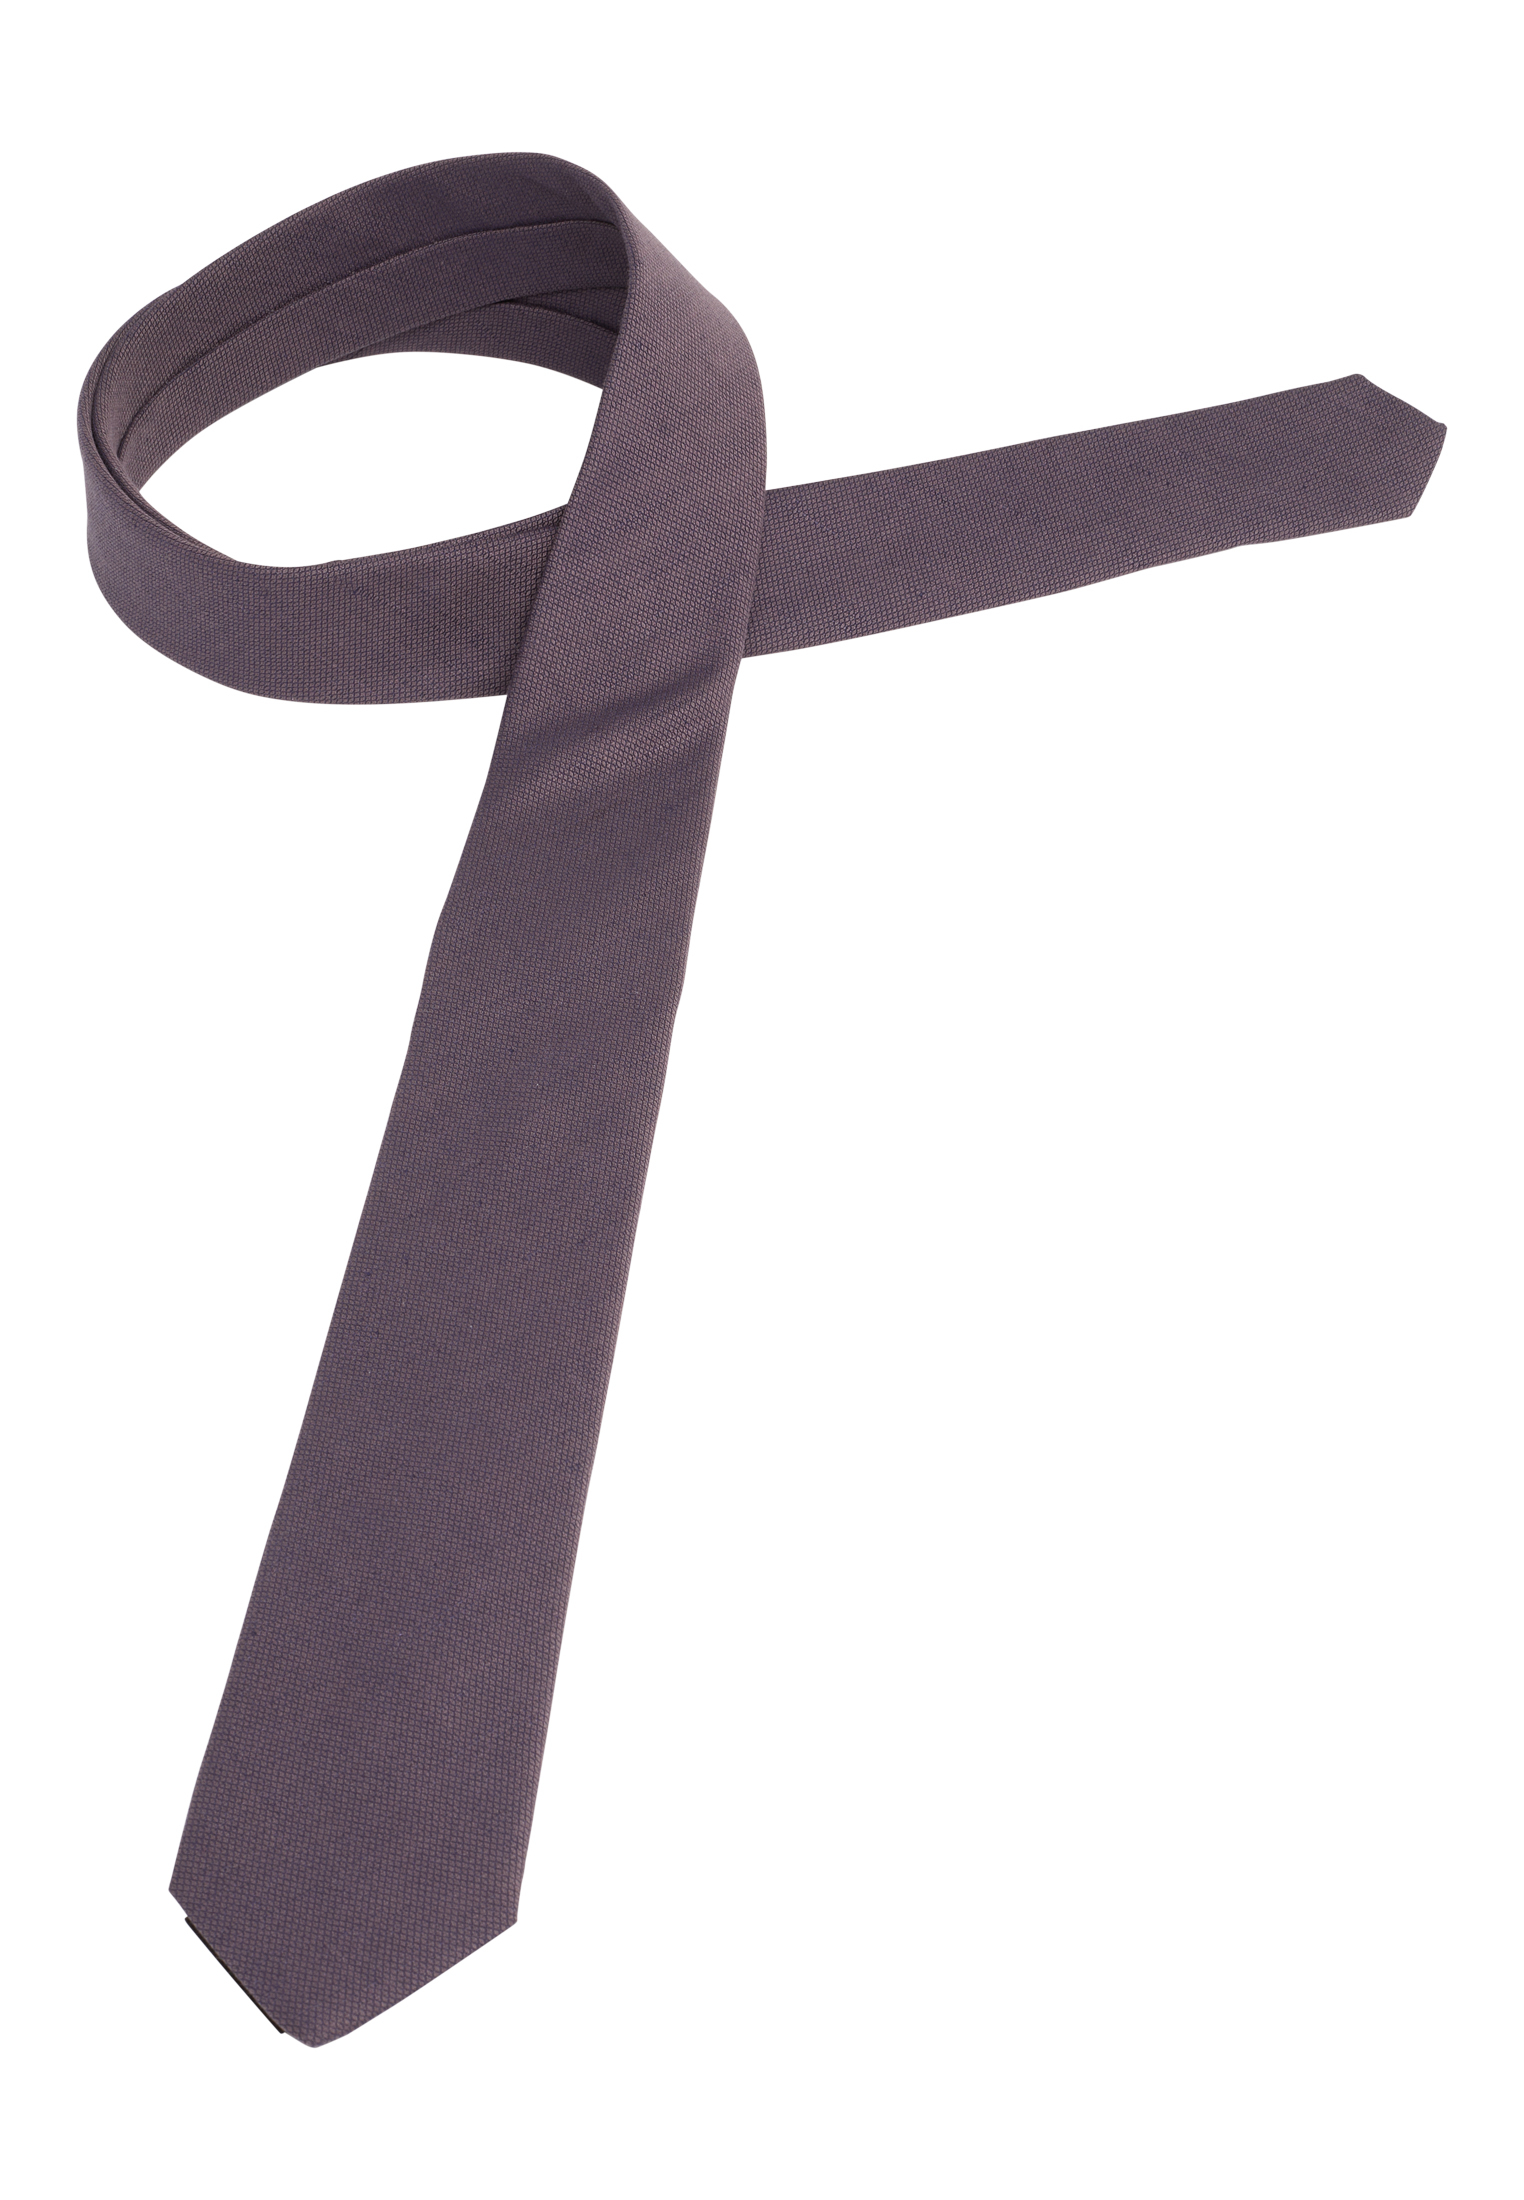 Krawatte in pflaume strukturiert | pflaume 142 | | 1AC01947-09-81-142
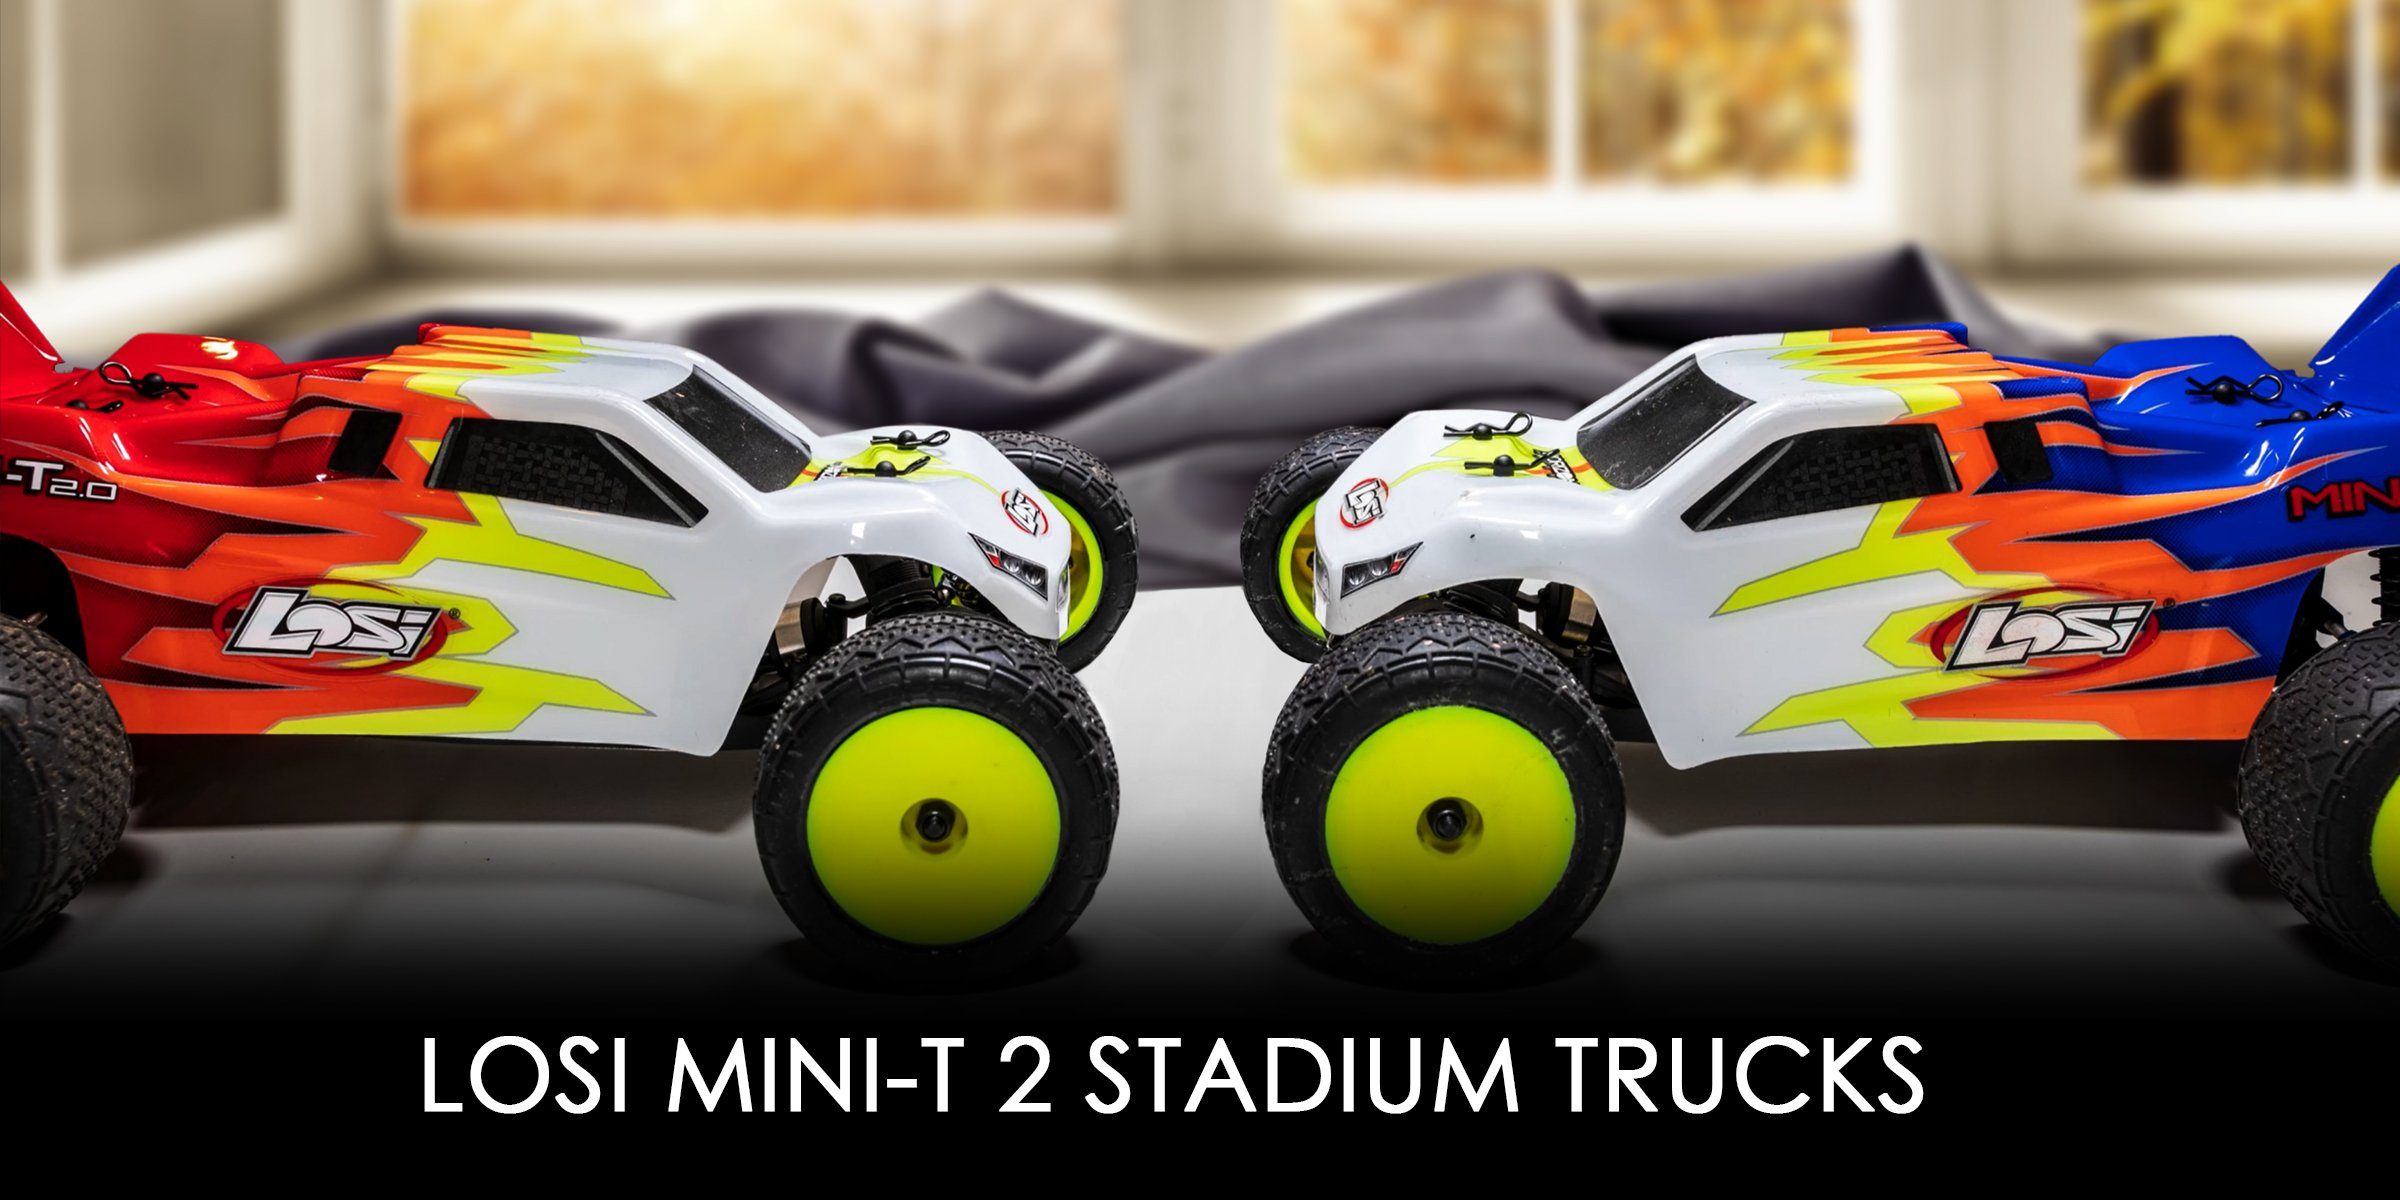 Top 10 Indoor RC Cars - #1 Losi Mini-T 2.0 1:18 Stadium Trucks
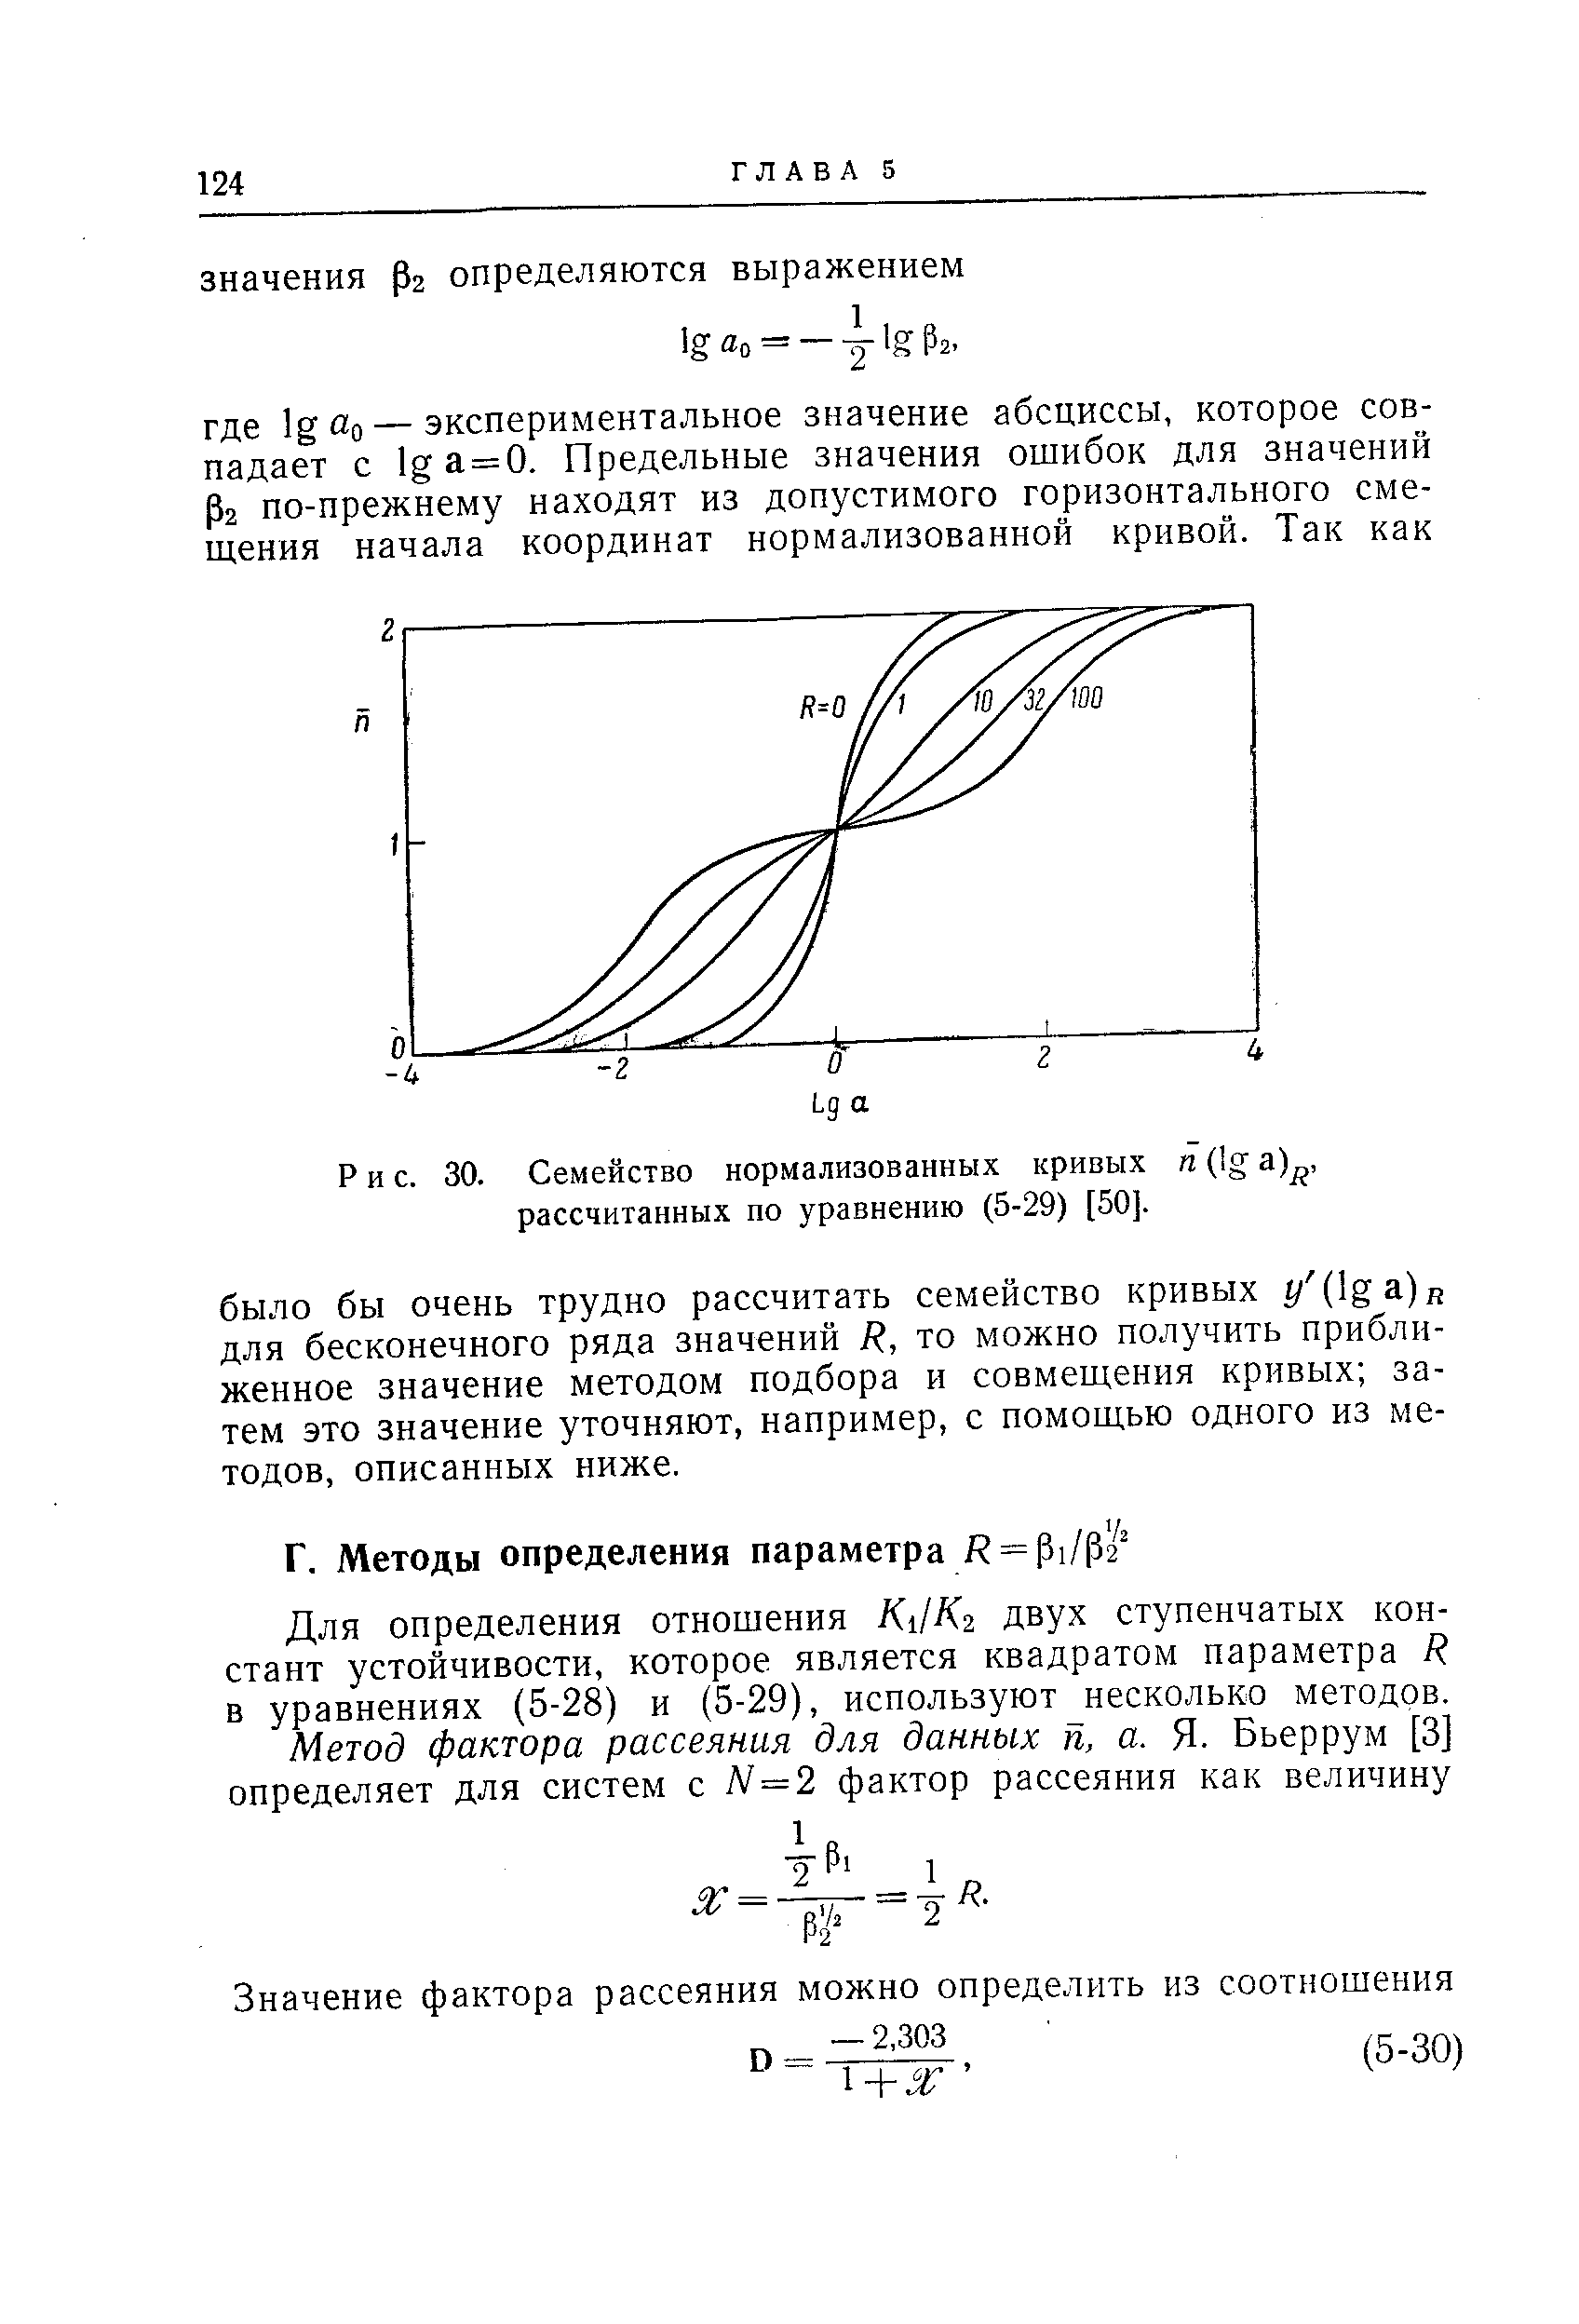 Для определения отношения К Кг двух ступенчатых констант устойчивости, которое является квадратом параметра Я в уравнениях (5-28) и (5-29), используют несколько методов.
__________
WHAT NEEDS TO BE DONE: Take the lines from the one that contains "Top 10 Indoor" down to the last line of the listing above, both included, and set them down exactly, leaving out pictures.

EXERCISE SOLUTION:
 Top 10 Indoor RC Cars - #1 Losi Mini-T 2.0 1:18 Stadium Trucks
 Для определения отношения К Кг двух ступенчатых констант устойчивости, которое является квадратом параметра Я в уравнениях (5-28) и (5-29), используют несколько методов.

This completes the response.